* Given data *
'''

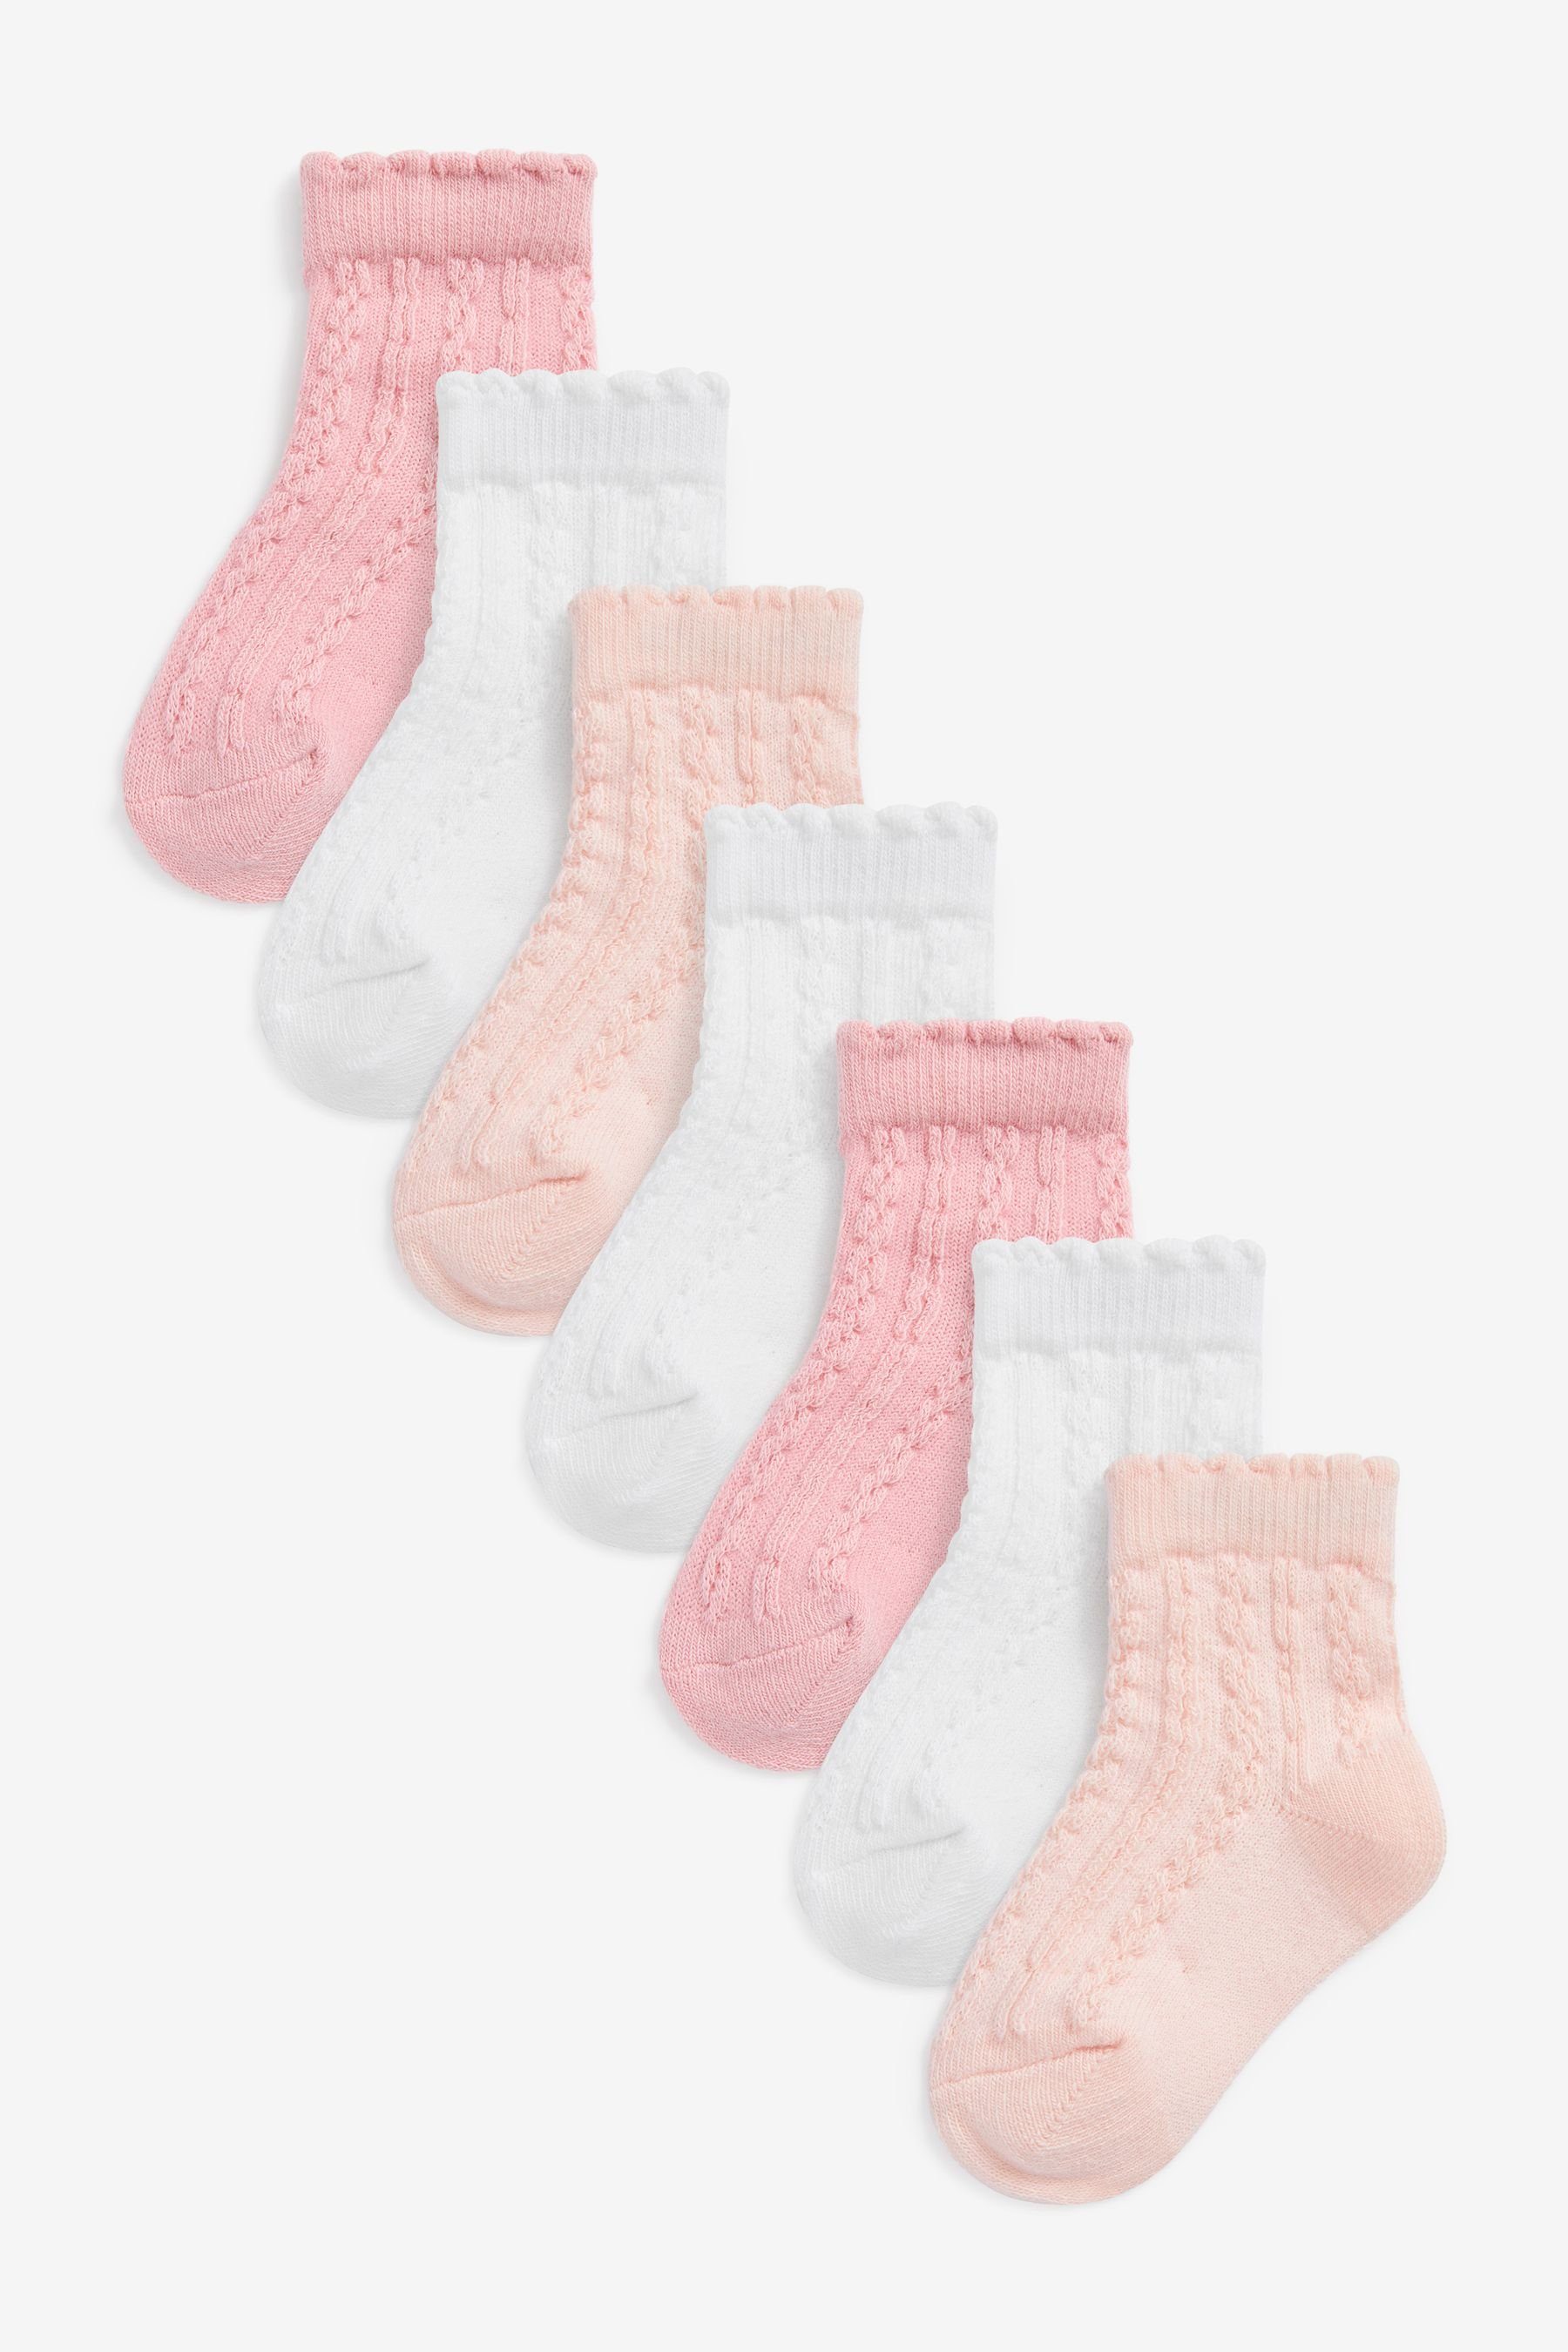 Next Kurzsocken Baby-Socken im 7er-Pack (7-Paar) Pink/White Cable Knit | Kurzsocken
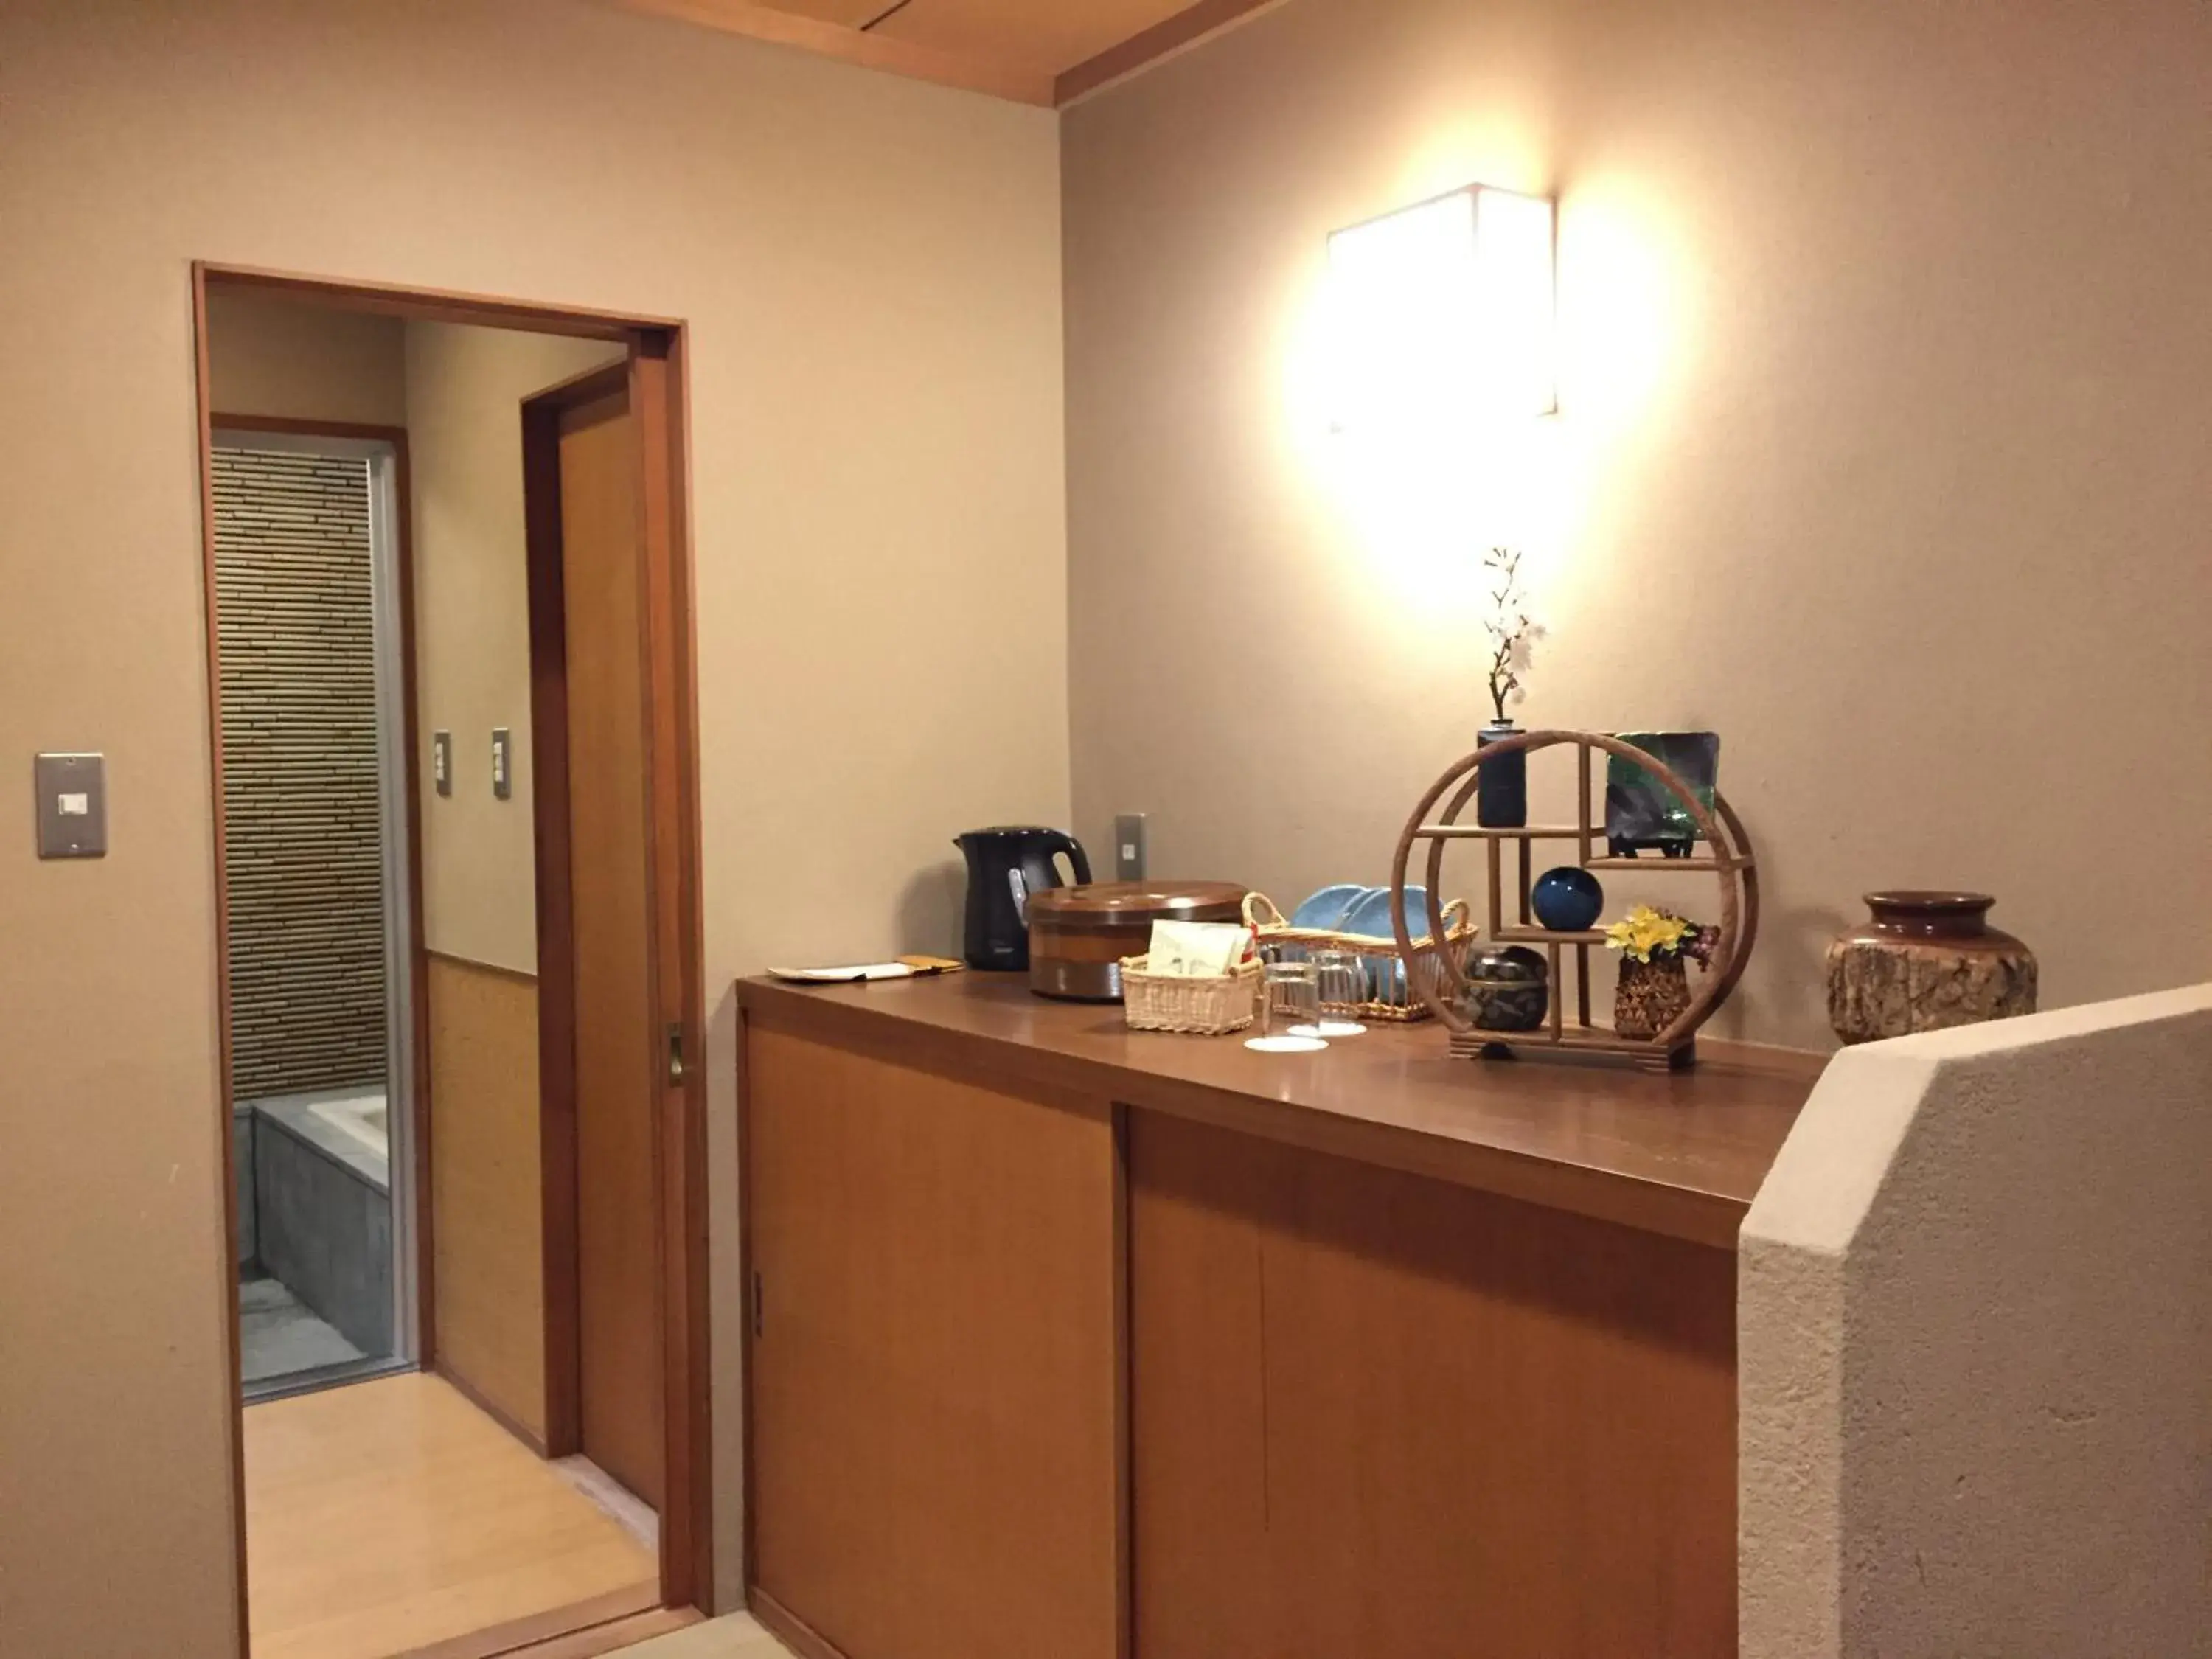 Photo of the whole room in Kyu Karuizawa Hotel Otowa No Mori
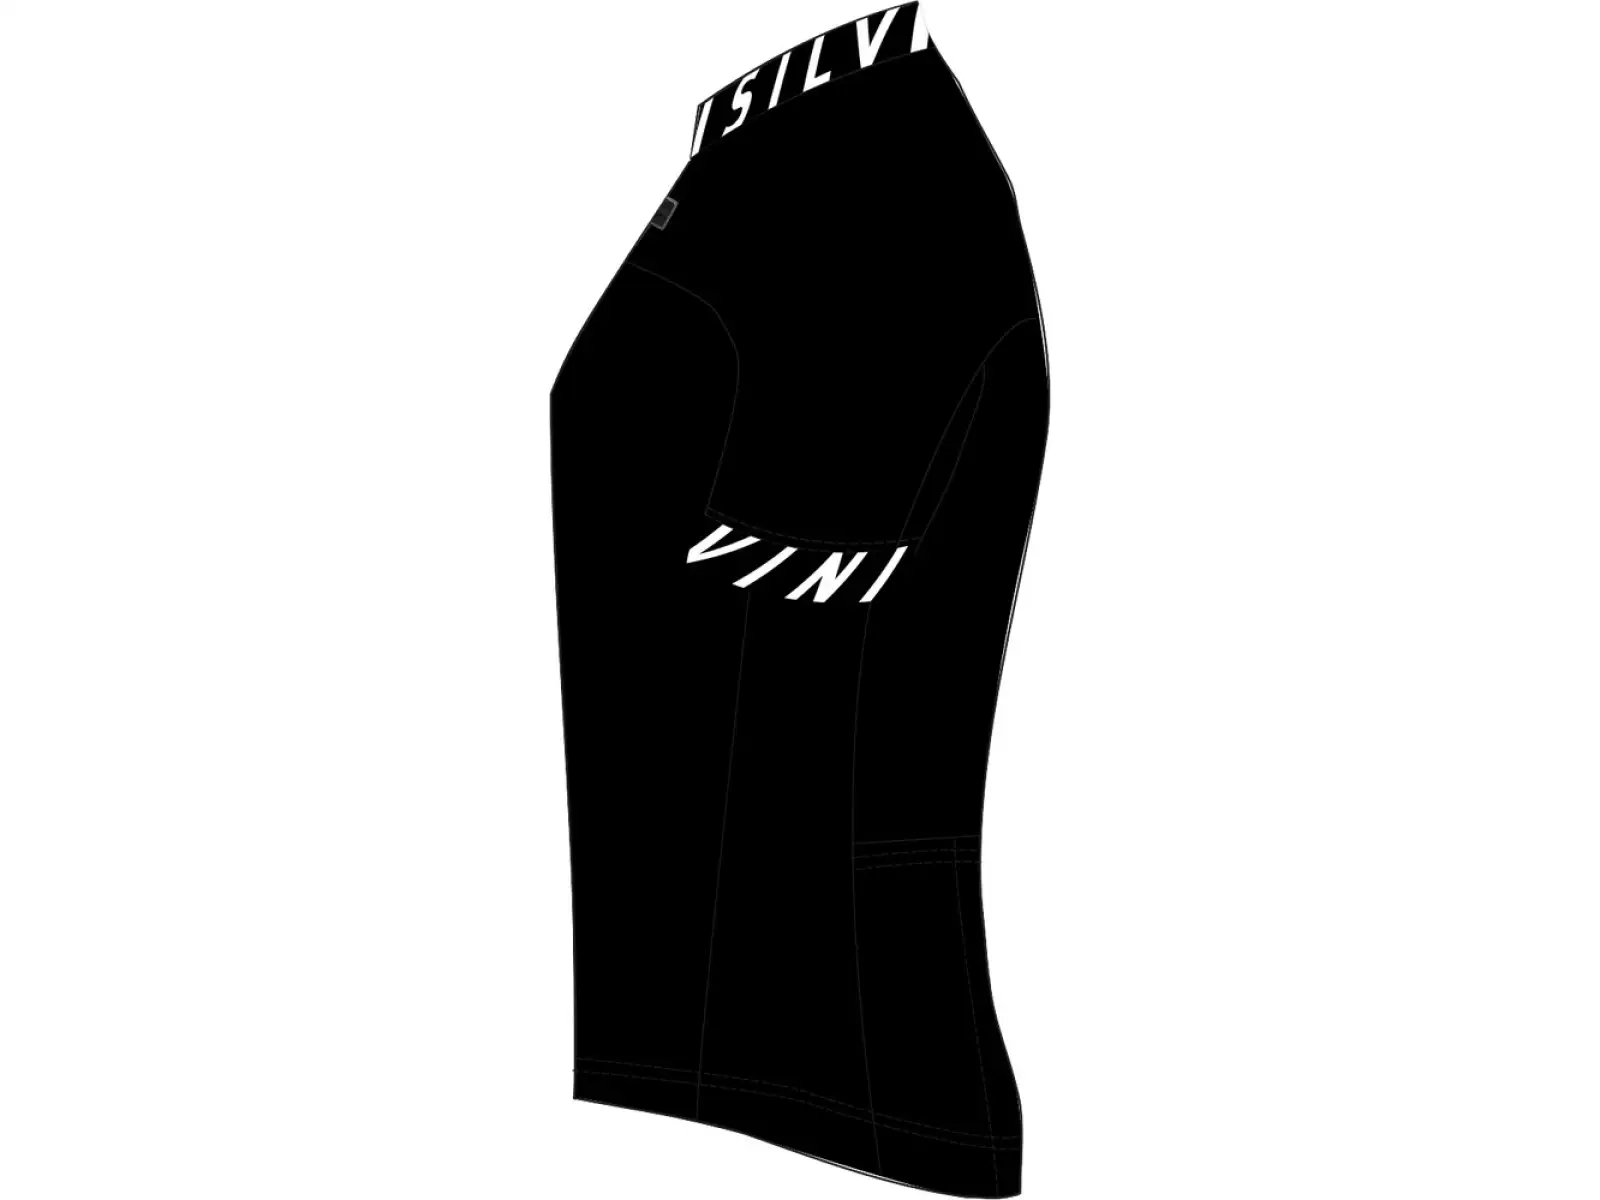 Silvini Stelvio pánsky dres s krátkym rukávom black/white

'''

* Task prompt *
Would you set down the material exactly as it stands, without the pictures?

* Result of this task *
 Next Kurzsocken Baby-Socken im 7er-Pack (7-Paar) Pink/White Cable Knit | Kurzsocken
 Photo of the whole room in Kyu Karuizawa Hotel Otowa No Mori
 Silvini Stelvio pánsky dres s krátkym rukávom black/white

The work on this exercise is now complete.